Но только она вышла из машины, где был кондиционер, в лицо ударил зной, чуть не выбив из нее дух.
— Не хочешь пройтись? — предложил Джек.
— А если не хочу? — с вызовом сказала она, удивляясь, почему жара на него не действует.
— Можно поесть и в машине, но неподалеку есть прелестное местечко среди деревьев, и будет жаль, если ты его не увидишь только из желания досадить мне.
Господи, неужели ее так легко раскусить?
— Ладно, все равно размять ноги необходимо.
Лорелей огляделась. Перед ними простирался широкий каньон. Черное с прозеленью скалистое образование поднималось как пальцы, указывающие в белесое от зноя небо. Она вспомнила о том, как индейцы пима боялись этих гор, их суеверия и дали название горам.
— Эй, городская девочка, ты идешь?
Джек пристегнул к ремню фляжку, достал рюкзак и выудил оттуда футляр с солнечными щитками.
— Надень, если не хочешь обгореть. Я знаю, как ты не любишь, когда нос шелушится.
Лорелей протянула руку, но он не сразу отдал. С усмешкой смерил ее взглядом с головы до ног и спросил:
— Может, лучше я сам их на тебя нацеплю?
Лорелей вырвала у него футляр и отвернулась. Сев на камень, быстро прикрепила щитки к рукам, ногам и на нос, спиной ощущая жар — от солнца, конечно, а не оттого, что Джек на нее смотрит. Злая как черт, она встала.
— Ты собираешься идти или до конца дня будешь тут стоять и пялиться на меня, как какой-то молокосос?
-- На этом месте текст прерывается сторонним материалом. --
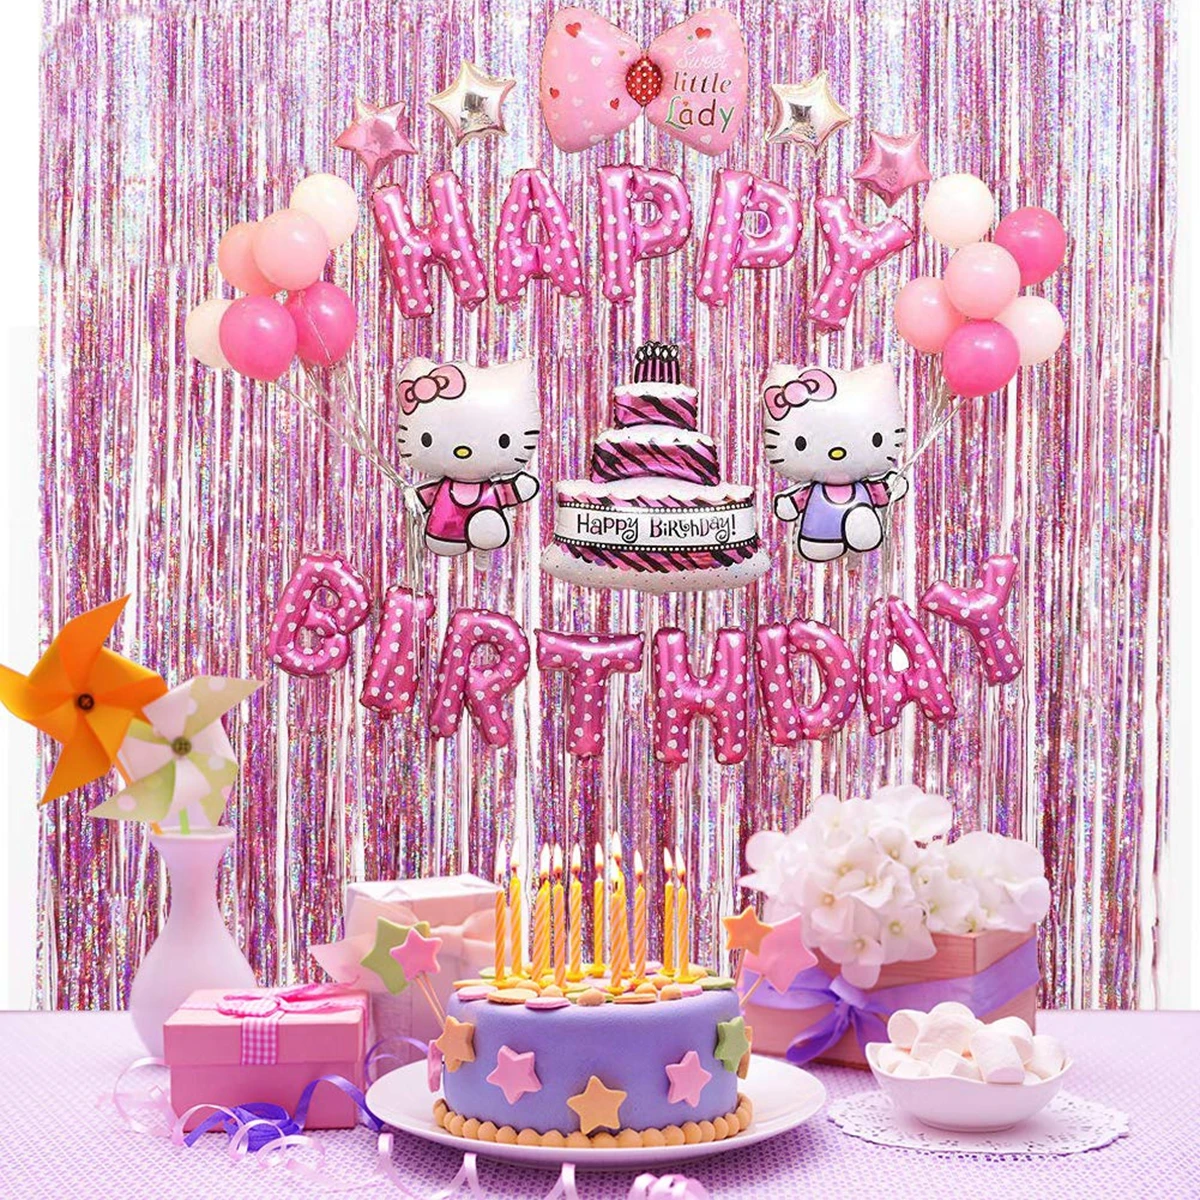 QIFU счастливый фон на день рождения фотография розовая стена свадьба фон для фотографии ребенок душ товары для девичника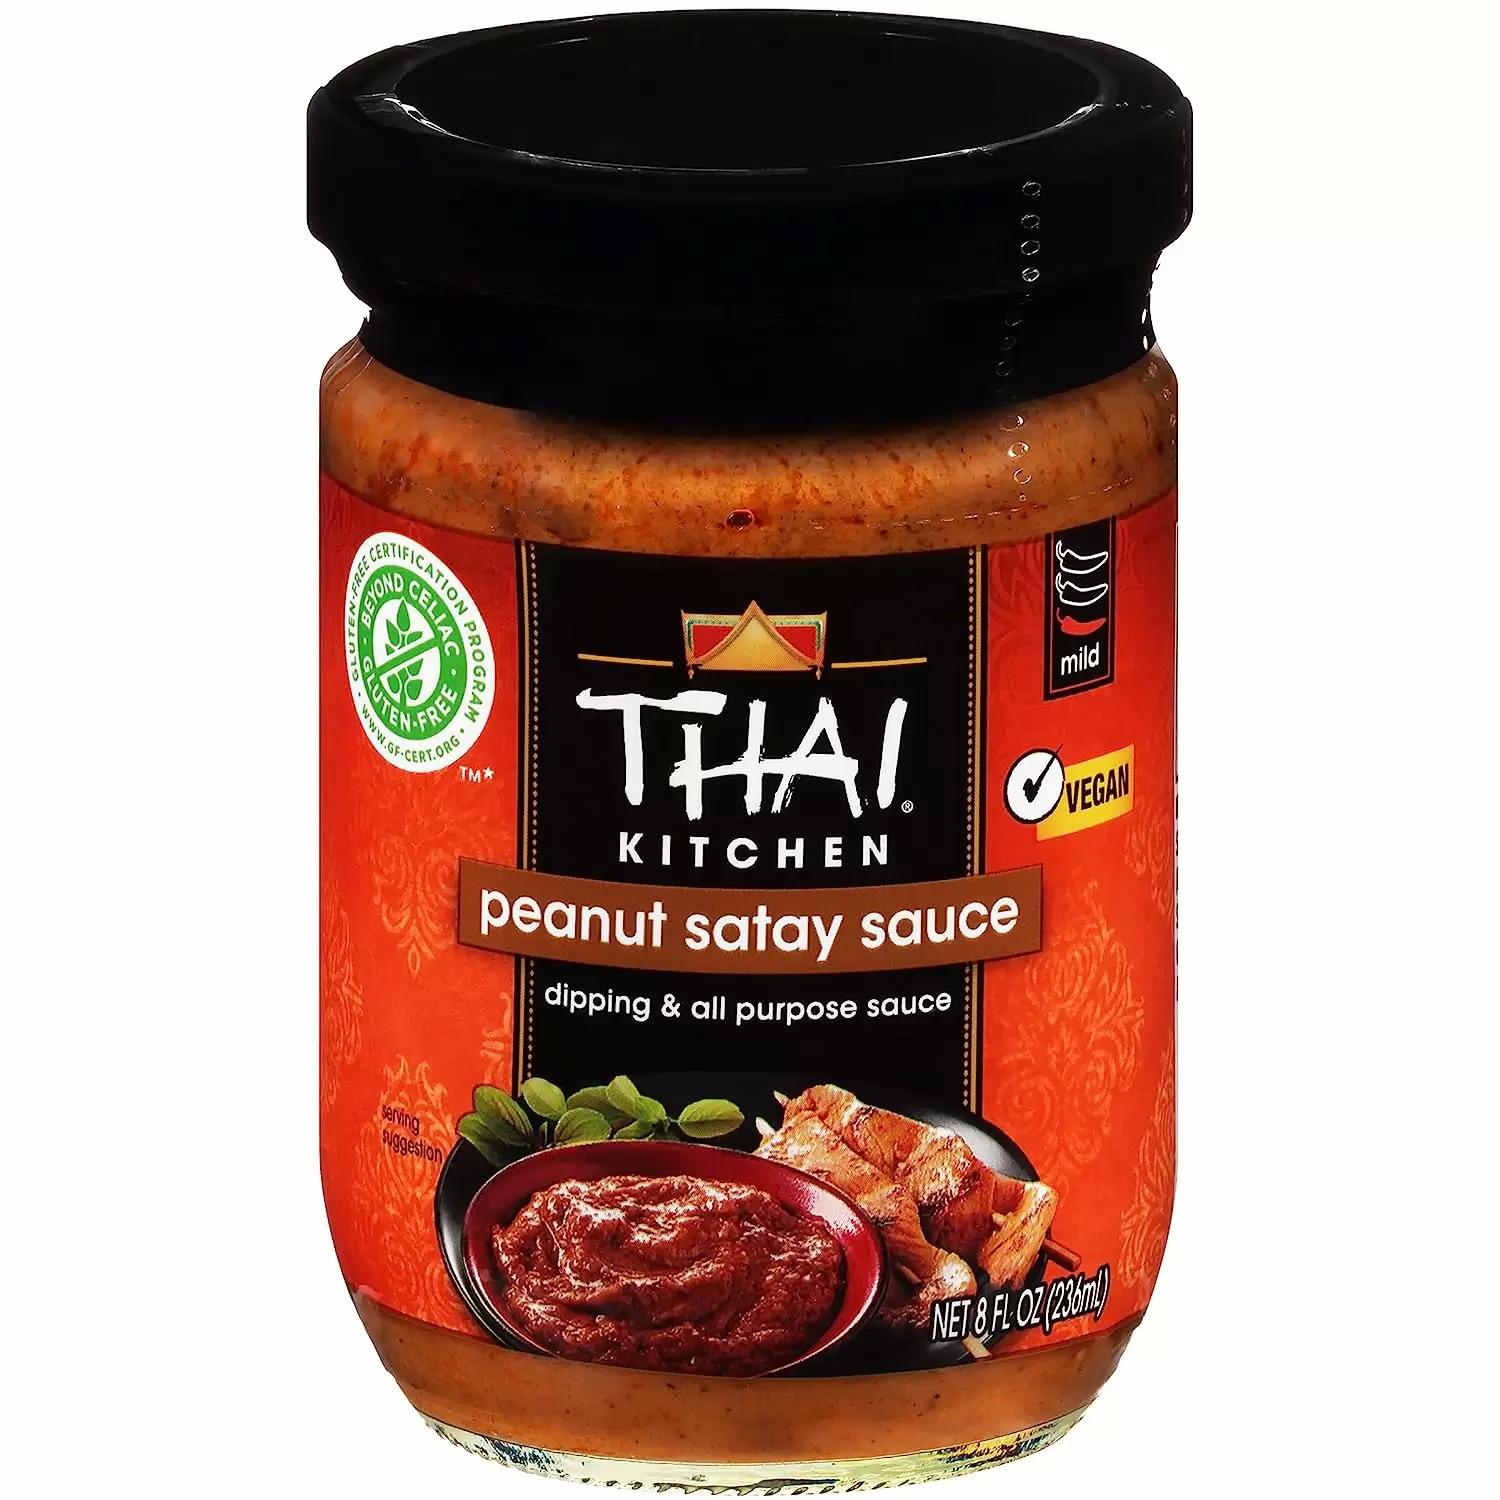 Thai Kitchen Gluten Free Peanut Satay Sauce for $3.09

Джек опять смерил ее взглядом и поскреб челюсть, как бы размышляя.
— Джек!
— Ну ладно, идем, — смилостивился он.
Неохотно взяв Джека за руку, Лорелей пробралась следом за ним через трещину в скале в глубь каньона. Они прошли по нижней площадке мимо огромных кактусов и деревьев чолас, утыканных шипами, и когда поднялись наверх, при виде открывшейся картины она забыла обо всем. Вылизанный ветрами горный хребет извивался, как желто-лиловый флаг. Над ним вздымались пятидесятифутовые каменные пальцы, создавая запутанный лабиринт проходов. Ей нестерпимо захотелось узнать, куда ведет каждый из них.
— Впечатляет? — спросил Джек. Он расположился на площадке под утесом и распаковывал рюкзак.
— Да, — сказала Лорелей, принимая у него из рук хлеб, сыр и сосиску. — Ручаюсь, весной это еще более захватывающее зрелище. — Она представила себе, как скальные террасы покроет высокая трава и цветы размером с десертную ложку будут колыхаться на ветру.
— Приедем весной и посмотрим.
Упоминание о будущем сразу вернуло Лорелей к мыслям о настоящем. Опять она попалась в сети, которые Джек так ловко расставляет. Нет, она не поддастся его обаянию; это будет так же болезненно, как укус тарантула. Надо бежать.
* * *
Джек вел машину и краем глаза поглядывал на Лорелей. Казалось, было видно, как в голове у нее крутятся шарики, когда она вот так молча сидит, смотрит, изучает окрестности, оглядывается на дорогу, по которой проехали.